Please upload the list (of both matching and not matching) here as a CSV and then I'm sure Scott can provide more info on what to do next.
It might also be a good idea to prevent these images from uploading in the future by hardcoding that hash into the upload pipeline?
Sure, here is the CSV file for matching and non matching ID's List.csv
I was just spot checking List.csv, and I wonder if something went wrong. I checked the last non-matching ID, at least if I am reading the CSV correctly, but the md5sum matches:
❯ curl -Ls https://covers.openlibrary.org/b/id/0012340198-M.jpg | md5sum | awk '{print $1}'
681e43bb536038b0ecb97ed0c13b5948
In any event, once that's sorted, you'll want to parse, I imagine, the "all_types_dump" to get the work and edition IDs of the cover IDs that have matching m5dsums. E.g., for that cover ID above, OL26392797W (https://openlibrary.org/works/OL26392797W/PANQUEQUES_DE_MANZANAS) is a work with cover ID 12340198.
We'd want to keep track of OL26392797W so we can update it to remove the Amazon cover.
With respect to List.csv, am I understanding the format correctly, insofar as if there is an ID in the second field, that ID isn't a match? I wonder if maybe it would be easier for parsing to just have a file of matches and a file of non-matches, one per line? Or if you'd like to stick with the CSV format, then have the first field always be the cover ID, and the second field be true/false, 1/0, etc. for matching/non-matching.
I just went ahead and ran the shell script I shared above. these_match.txt
There were only a handful that didn't match.
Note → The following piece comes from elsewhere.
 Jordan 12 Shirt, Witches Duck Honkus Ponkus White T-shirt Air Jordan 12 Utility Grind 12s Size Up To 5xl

Some don't exist in the latest dump (deleted covers?), and at least one has the same appearance as the Amazon placeholder image, but a different md5sum. This is the one I spot checked that had the placeholder with a different hash value: https://openlibrary.org/books/OL11077440M.
Here are the ones that didn't match:
❯ grep -Fvf ~/Downloads/these_match.txt ~/Downloads/covers_60_40.csv
cover_id
6275921
10828140
10828141
10828143
10828150
10828152
10828160
10828178
10828179
10828180
10828187
10828208
10828227
10828237
10828244
Let's not worry about these just now.
The next step would be parsing the Open Library data dump as Ray mentioned, to look for this cover ID in editions and works, and extracting the edition and work IDs so we can remove the covers by scripting that process. The 'all types dump' may be the easiest to work with: https://openlibrary.org/developers/dumps.
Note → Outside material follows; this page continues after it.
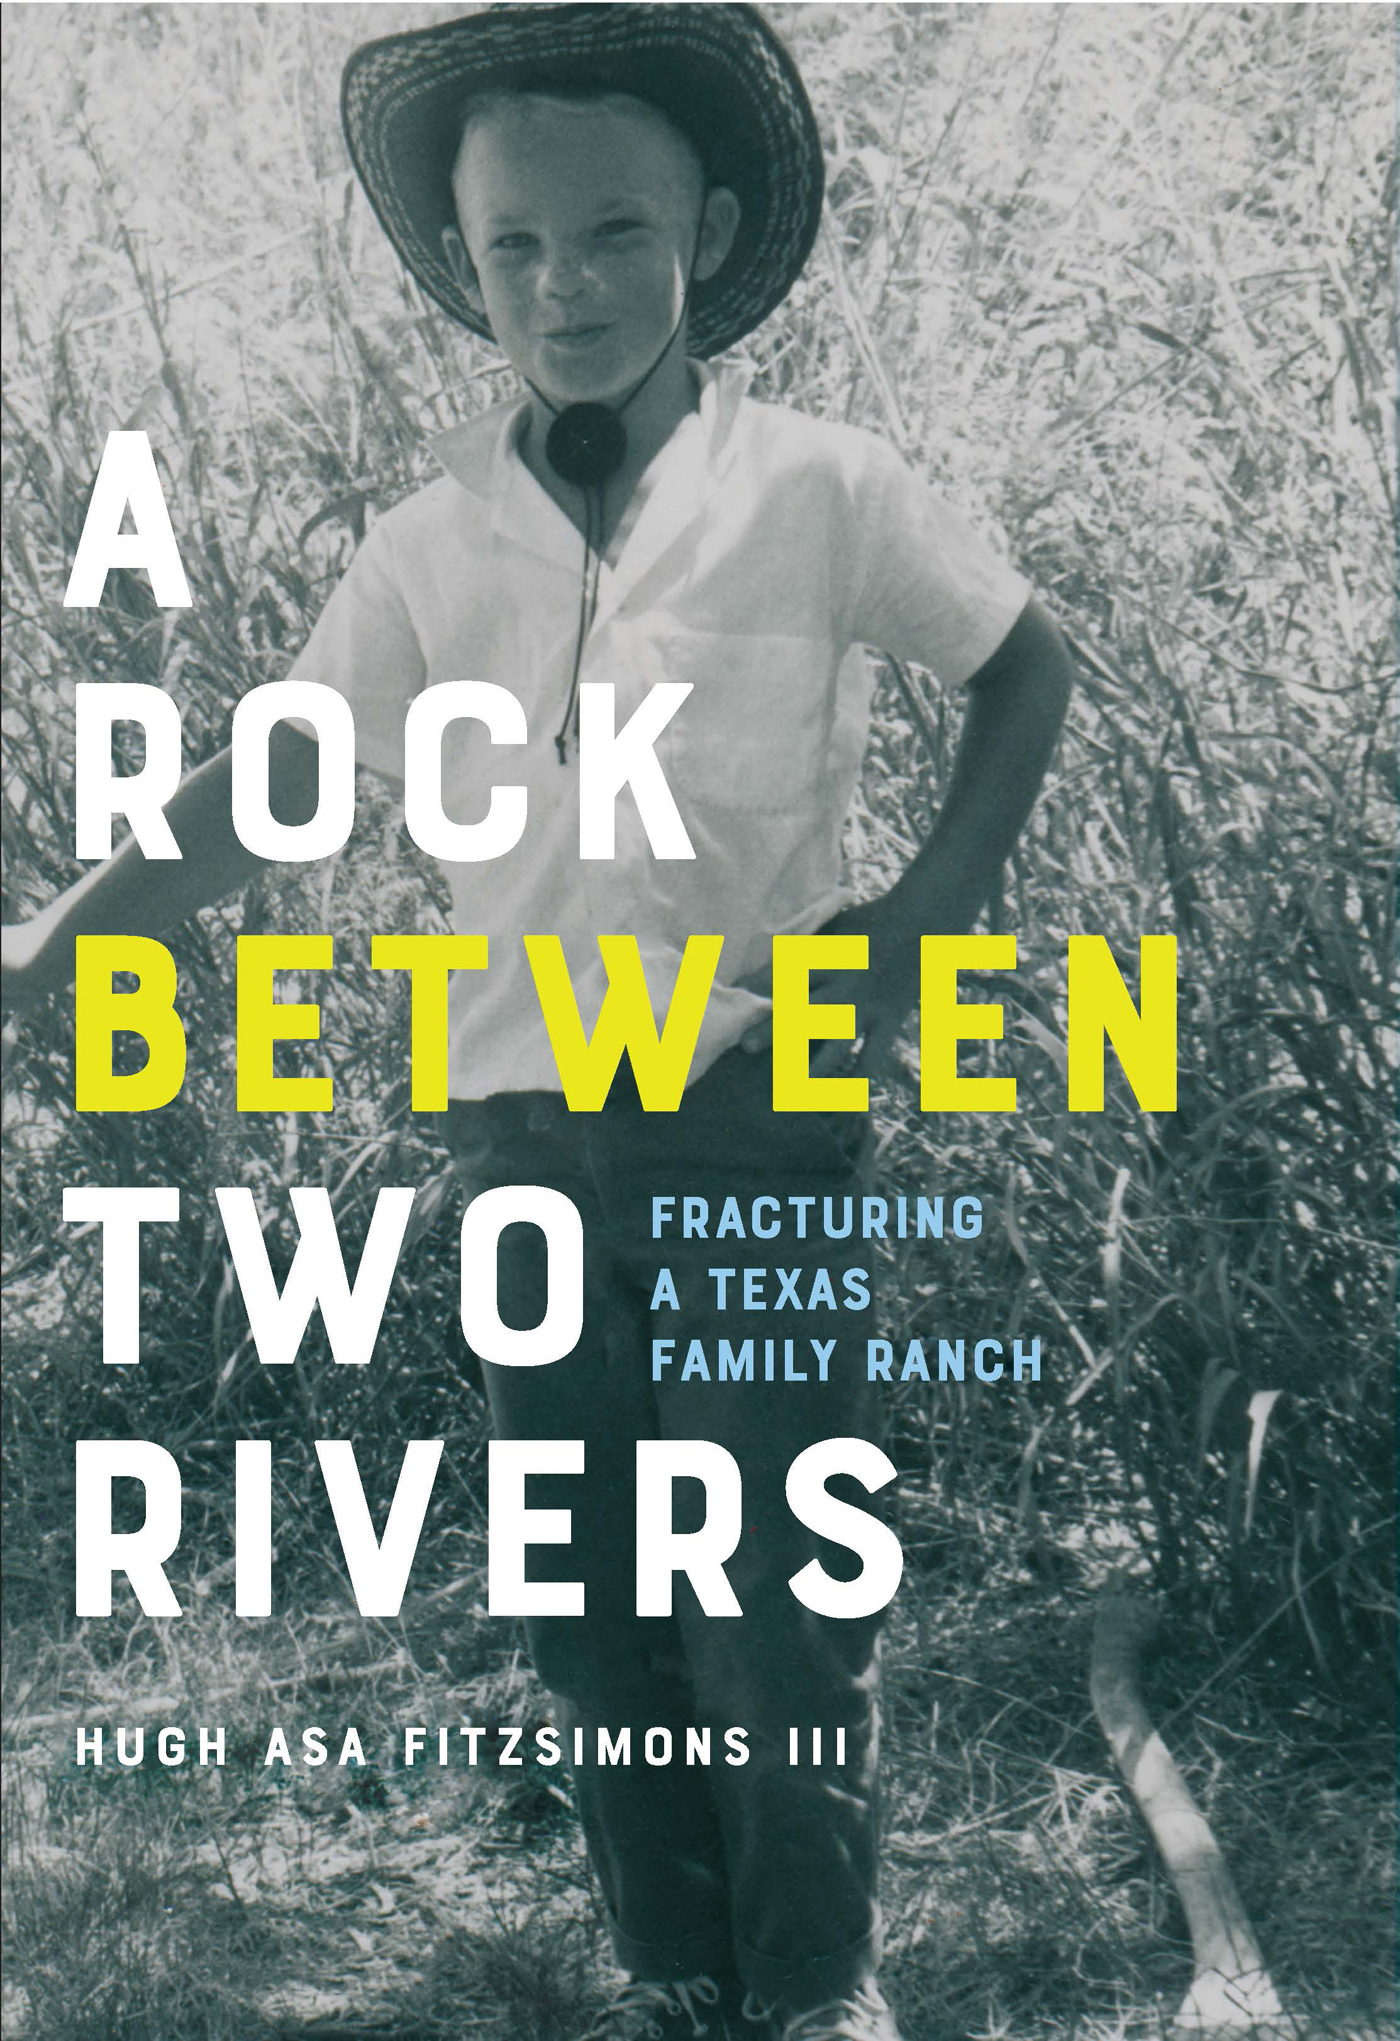 A Rock between Two Rivers Fracturing a Texas Family Ranch HUGH ASA FITZSIMONS - photo 1

Hi @scottbarnes, I have rechecked the non matching ID's and found that there were only 19 IDs that did not match. So what now we have to do is take those matching IDs and iterate each ID's through the all type dumps txt file, and store the results after extracting the edition and work IDs. But it might take time since the all types dump consist of txt file which is of 33GB. Please correct me for my next approach.
@OutstandingWork I think you should be able to do it with the editions and works dumps. Also using duckdb (an example is in the dump page) you should be able to exact just the work id and covers pretty quickly for easier processing against your list in a following step.
@OutstandingWork are you still willing to work on this one?